Update and trendsKey developments of the past year
What were the key cases, decisions, judgments and policy and legislative developments of the past year?Key developments of the past year36 What were the key cases, decisions, judgments and policy and legislative developments of the past year? New law reform in the works
Although the last reform of the GWB is very recent (it entered into force mid-2017), the German legislator is already preparing the next reform of the law.
The last reform aimed particularly at improving competition law enforcement (including merger control) and responding to the challenges of the fast-moving digitisation of numerous industries. The next reform will continue on this path, although a recognisable focus is clearly on abuse of dominance in the digitised industries, the relevance of data to competition law, etc.
The following changes are currently under discussion:
- The second local turnover threshold might be increased, possibly from €5 million to €10 million. This could lead to a reduction of the number of notifiable concentrations by around 20 per cent. This proposal responds to the BKartA’s plea to free up resources to concentrate on cases that are more likely to have problematic competition effects in Germany. The president of the BKartA, Andreas Mundt, has repeatedly said that reviewing 1,200 to 1,300 merger control notifications a year was very burdensome.
- In order for the BKartA not to lose jurisdiction over all the cases that would not meet the amended thresholds (as some of them could be potentially problematic), some mechanisms are being considered. For example, an information obligation (but not an obligation to proceed to a fully-fledged notification) may be imposed for cases between the two thresholds, triggering a deadline for the BKartA to ask for further information or not.
- The de minimis market threshold may also be increased from €15 million to €20 million or €25 million (as set out in question 19, if the relevant market has been in existence for at least five years and had a total annual value of less than this threshold in the last calendar year, the BKartA would not be able to prohibit a transaction impeding competition on that de minimis market).
- An increase of the review deadline in the second phase is also considered.

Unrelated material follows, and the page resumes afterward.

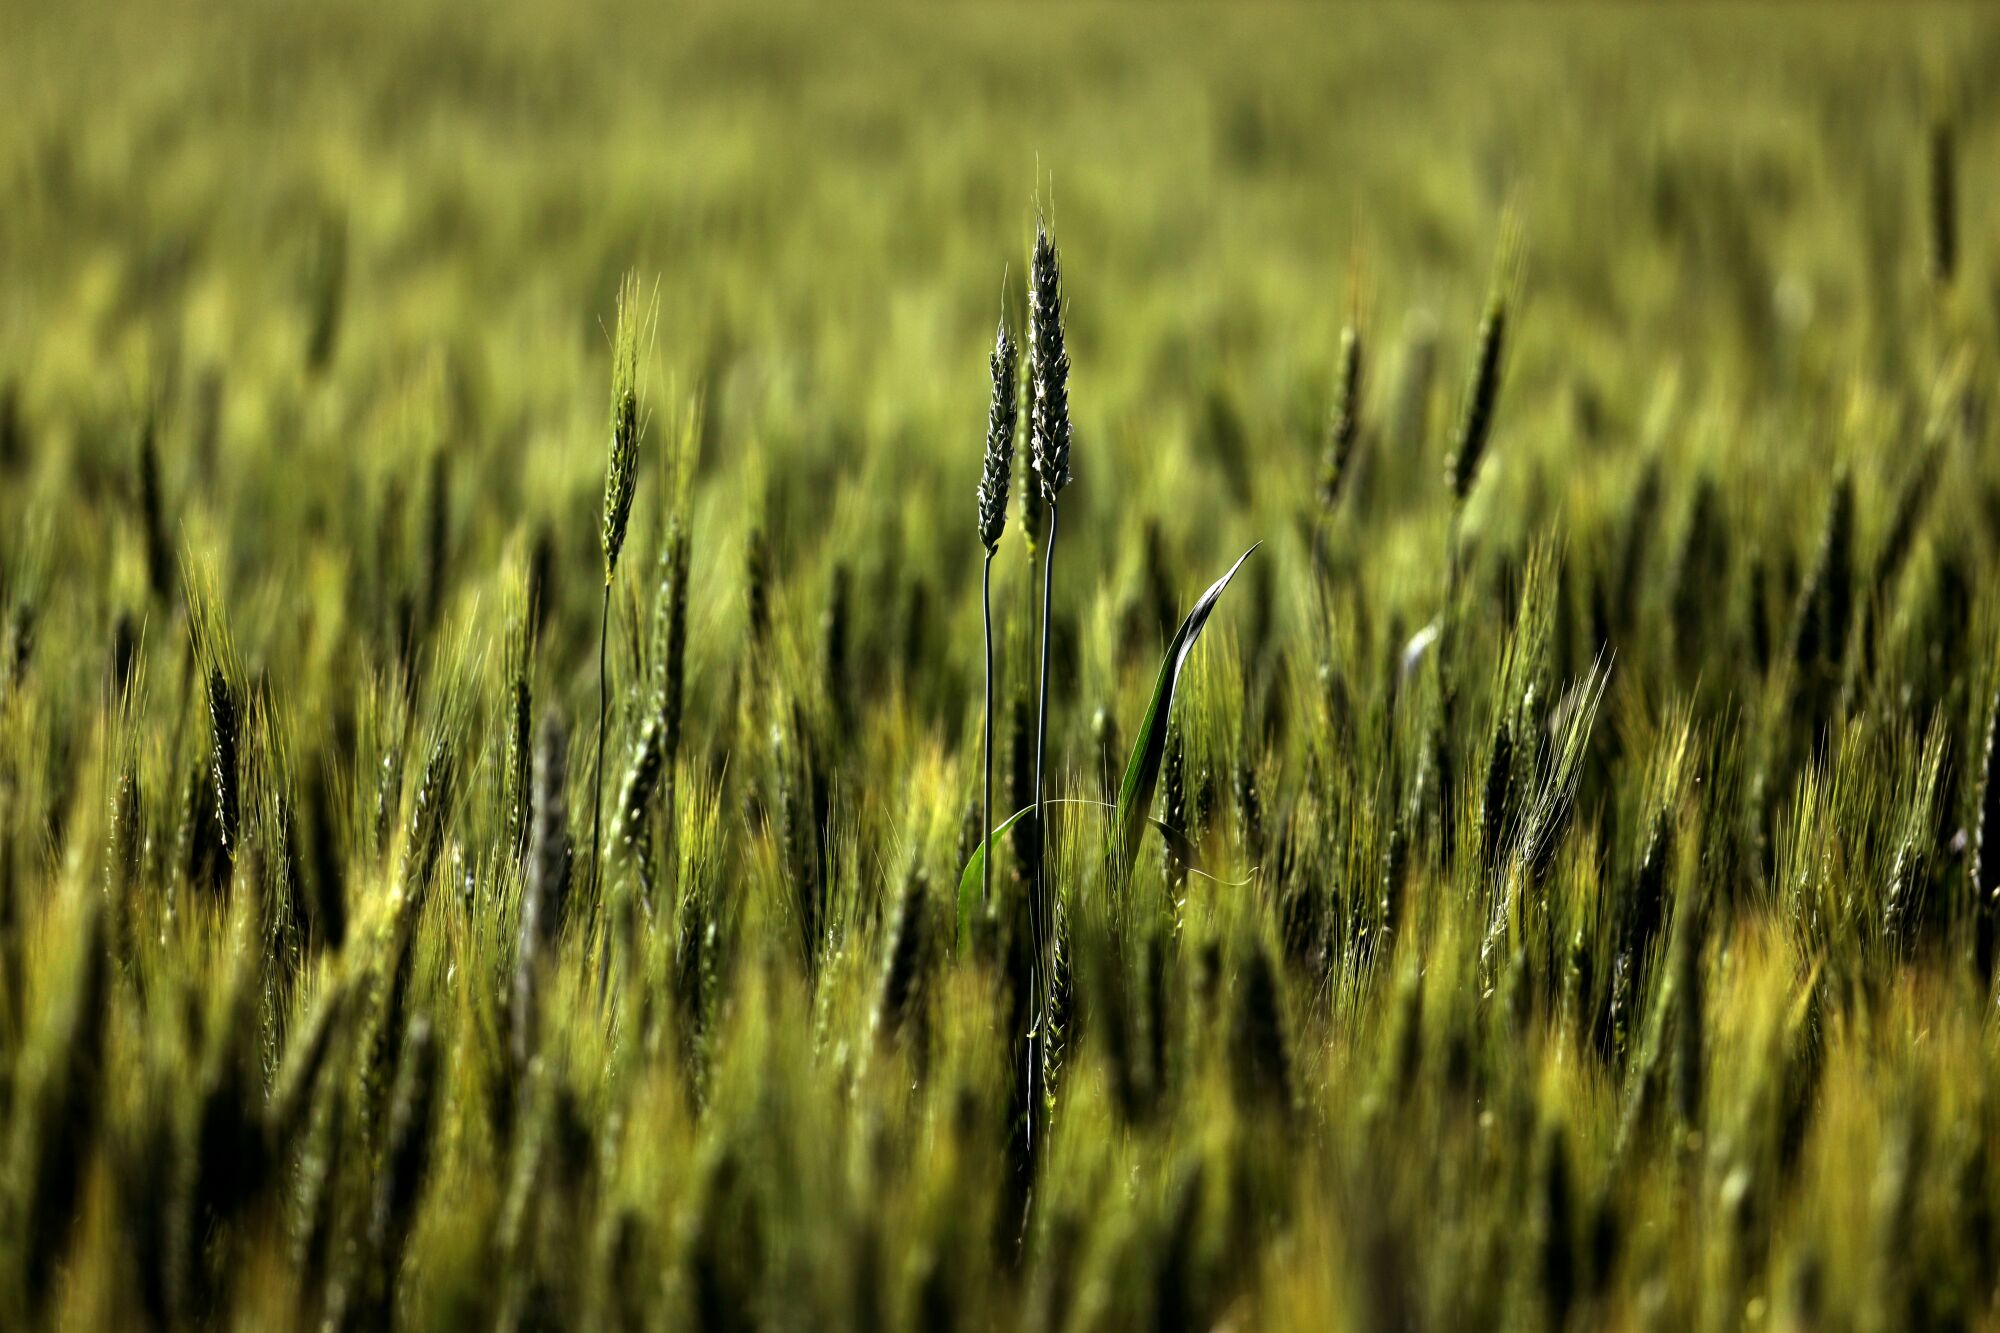 Wheat fields in Hanford.

Some other initial thoughts for the next reform were provided by a study by the competition institute DICE Consult on the ‘Modernisation of Abuse Control for Dominant Companies’ that was commissioned and received on 4 September 2018 by the Federal Minister for Economic Affairs and Energy. With regard to merger control, the authors proposed the extension of merger control by introducing a new rule that would prevent rapidly growing companies from systematically buying up start-up competitors with a view to foreclose the market. The GWB would include a new provision that would make it possible to prohibit a concentration that is part of an overall strategy, by a market-dominant undertaking, to systematically purchase high-growth but early-phase companies, where that strategy can significantly impede competition. For this, the target would need to have a recognisable and significant potential to become, in the medium-term, a competitor. That proposal, however, is not new and is quite controversial and may lead to numerous uncertainties in practice. Andreas Mundt already voiced practicability concerns over such a change. Currently, it does not appear that it will be retained in the draft bill.
We are currently not aware of any planned legislative changes relating to minority shareholdings and common ownership by large institutional investors, although this is a topic that is increasingly and regularly discussed.
The current debate involves numerous stakeholders (ministerial level, enforcers, scholars and practitioners) so it is currently unclear when the draft bill will be finalised and what it will look like. However, it is possible that the changes may be voted on as early as summer 2019 and could enter into force in the later months of 2019.